Jasper's latest piece is on tuning SCOM alerts and is sufficiently juicy that it needs to be split into two parts. As always, we encourage you to check out the original content on Jasper's blog but, with his blessing, we've also provided a copy for you below. Enjoy!

Part two of this short series is available here.

 

Tuning Alerts in SCOM - Part 1

By Jasper Van Damme

 

Hi Everyone,

One of the obstacles when deploying SCOM for the first time is getting a handle on the amount of alerts. One of the reasons in my opinion, why SCOM sometimes has a bad reputation.

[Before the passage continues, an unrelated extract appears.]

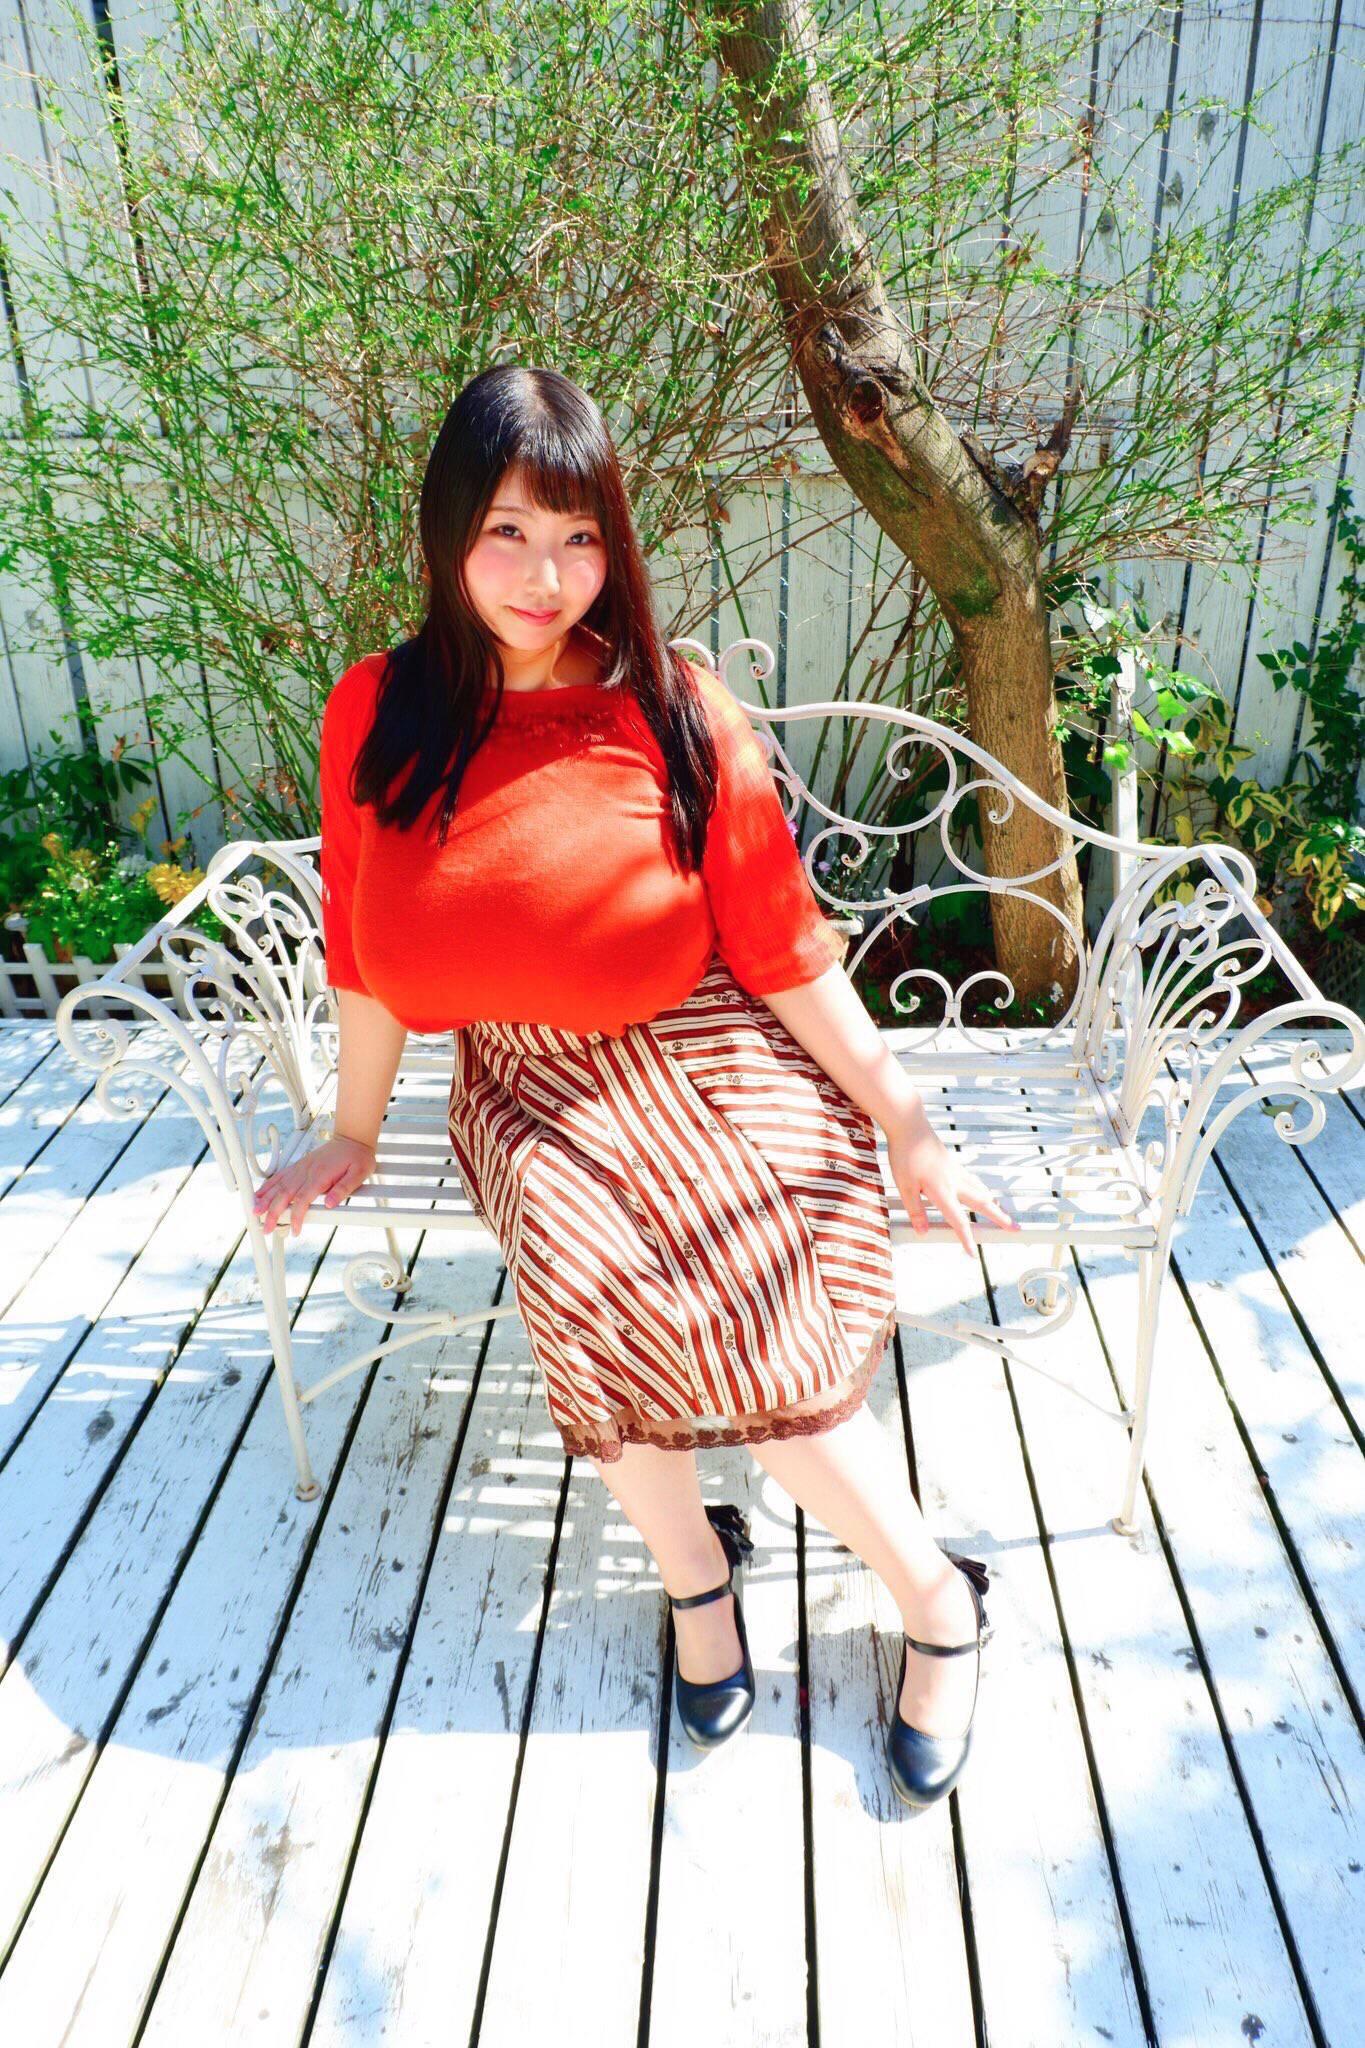 【画像】乳デカすぎて普通の生活送れなさそうな女子wwwww

Luckily, there are a few things you can do to relieve you of some of the ‘alert burden’ 😊. This post is part one of hopefully many to get your alerts under control.

The first piece of advice I can give you is to set specific SCOM related alerts to informational.

Some alerts include:

  • Operations Manager failed to start a process.
  • Workflow Initialization: Failed to start a workflow that runs a process or script.
  • Operations Manager failed to run a WMI query.

Whilst the alerts are not completely unimportant, they are often categorized as ‘Warning’ or ‘Critical’ alerts, making them seem like a bigger issue than they actually are.

Once you have a few management packs imported you will see these alerts reoccurring a lot, sometimes comprising of up to 40% of the alert count, for alerts that are just related to SCOM!

The cause of the alerts are usually temporary issues like backups, and if they do not reoccur, they are not worthy of any attention. Furthermore to troubleshoot these alerts, you need good knowledge of SCOM as you may want to analyze how the rule or monitor is retrieving its data.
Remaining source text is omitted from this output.